Exporting from Shark Snip
The Workshop export emits four artifacts: the wired graph as JSON, the equivalent Python script, the trained model weights as ONNX, and a reproducibility manifest pinning the source data versions. Drop the four into a Git repo and you have a Python pipeline that reproduces the browser model bit-for-bit. The reverse is also supported: if you build something heavy in Python and want to ship it as a published Shark Snip model, the manifest format is documented and the import path is one upload.
Bottom line
Sports data is not the gatekeeper it used to be. The free public datasets cover NFL, NBA, MLB, and NHL with enough depth to build real models; the browser is fast enough to ingest, validate, train, and serve those models with zero infrastructure; and the patterns for daily refresh, ethical scraping, and graduation to heavier tooling are well-trodden. The skills that separate a hobbyist pipeline from a deployable one are not about picking exotic sources — they are about validating schemas at the boundary, respecting source operators with polite request rates, baking the as-of timestamp into every feature, and knowing when the browser stops being the right runtime. Open the build canvas, upload an nflverse CSV, and follow the 30-minute path above. From there every additional model is a fork in Workshop, every published artifact gets ranked on the leaderboards, and the genuinely good ones earn their listing on the marketplace.
Bet responsibly — set limits, never chase losses.

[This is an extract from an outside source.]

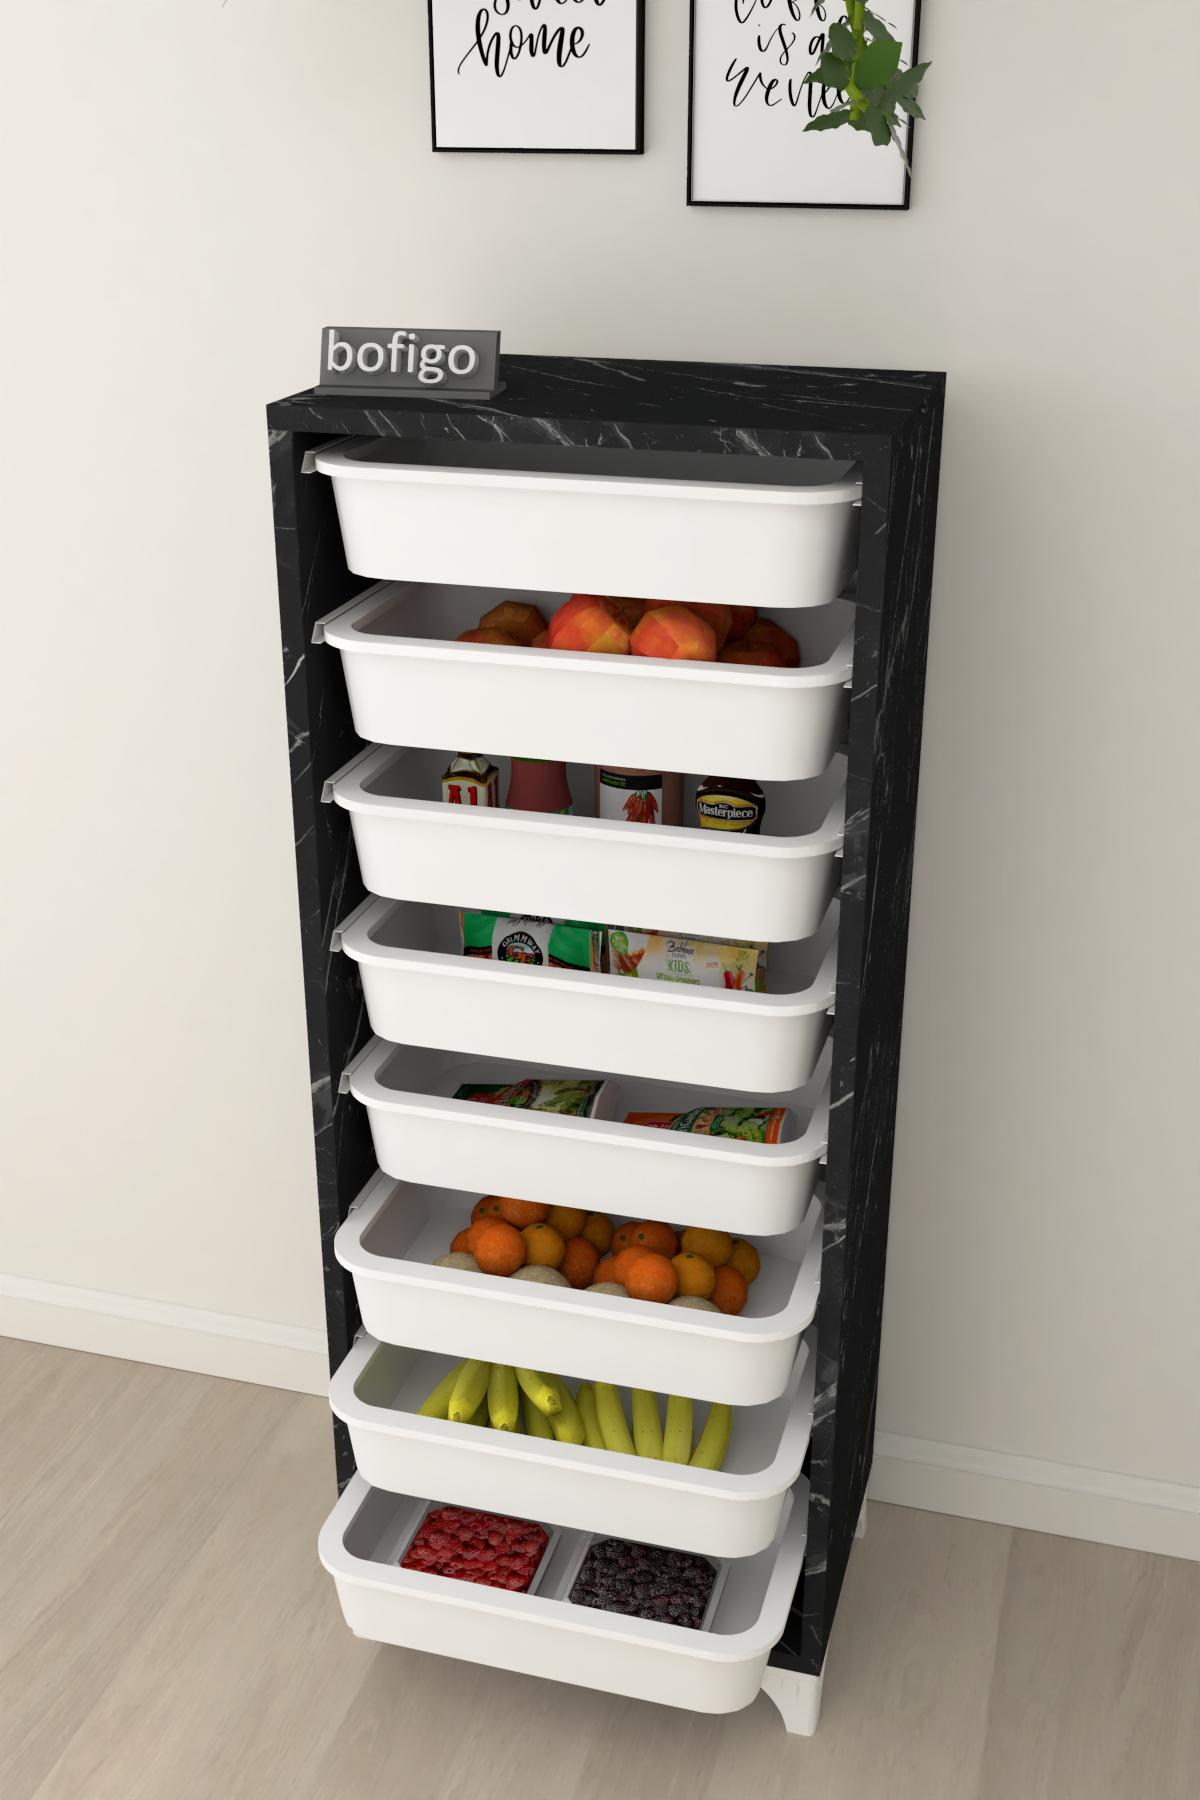 Bofigo 8 Sepetli Mutfak Dolabı Çok Amaçlı Dolap Sebzelik Bendir

Price examples and pass rules
Use names as evidence, not decoration. The useful SEO win is that Josh Allen, Ja'Marr Chase, Bijan Robinson and Puka Nacua and Chiefs, Bills, Eagles and Lions appear inside decisions, thresholds, and internal links instead of being dumped into a keyword list.
- Spread example: if Chiefs-Broncos opens Chiefs -3.5 and your fair number is -2.8, +3.5 is the bet, +3 is a pass, and the moneyline needs roughly +155 or better before it replaces the spread.

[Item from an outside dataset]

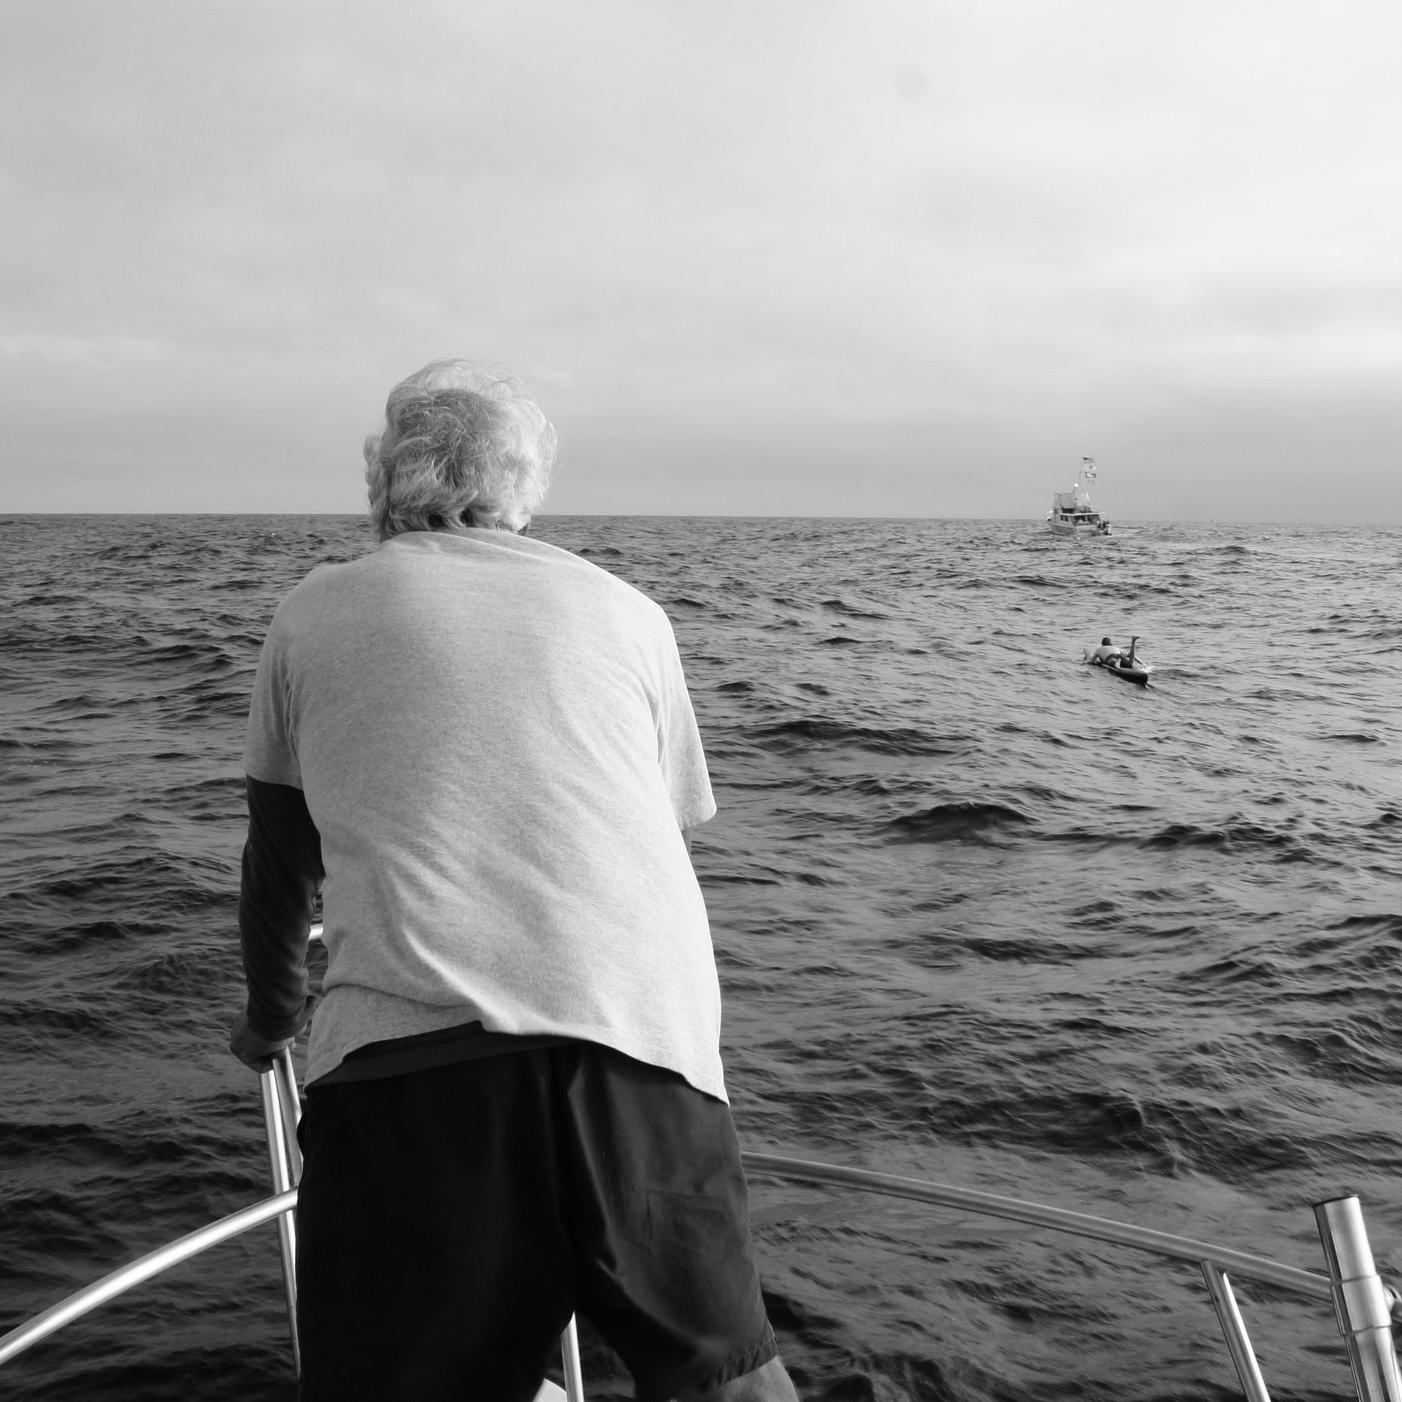 LANCE MANN - World's Oldest Active Lifeguard

- Total example: if a Bills outdoor total opens 46.5 and wind moves from 8 mph to 21 mph, an under projection at 42.8 still needs a playable number; under 45 or better is different from chasing 43.5.

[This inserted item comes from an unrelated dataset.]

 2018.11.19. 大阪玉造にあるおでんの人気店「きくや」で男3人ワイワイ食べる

- Futures example: Bengals AFC North +280 is 26.3% before hold. If your fair number is 30%, stake modestly, track portfolio correlation, and avoid stacking every Burrow, Chase, and Higgins bet into the same thesis.
- CLV rule: a good write-up is not enough. Track whether the spread, total, prop, or futures price closed better than your entry before grading the process.
Use closing-line value guide to keep the examples attached to measurable prices.
Research note board
Use this table to turn the guide into a decision note. The point is to know when the idea is actionable and when it is only context.
| Angle | Input to verify | Example application | Pass when |
|---|---|---|---|
| Market price | Spread, total, moneyline, prop price, or futures hold | Chiefs and Bills compared through keeper | The price has moved past the number that created the edge |
| Football or sport context | Role, pace, weather, injury status, opponent style | Josh Allen role news mapped to the relevant market | The original input changes or remains unconfirmed |
| Review loop | Entry, close, result, and reason code | hold logged with a clear thesis | You cannot explain whether the process beat the market |
Average total points by weather bucket
Average combined points scored in NFL games by weather bucket over recent seasons. Wind above 20mph and snow each clip totals by 6-8 points vs domed games, which is why books move totals aggressively when forecasts shift.
NFL ATS cover-margin distribution
Distribution of (final margin − closing spread) across an NFL season. Roughly normal with mean ≈ 0 and standard deviation ≈ 13 points, which is why most ATS edges live in the ±1.5 point window.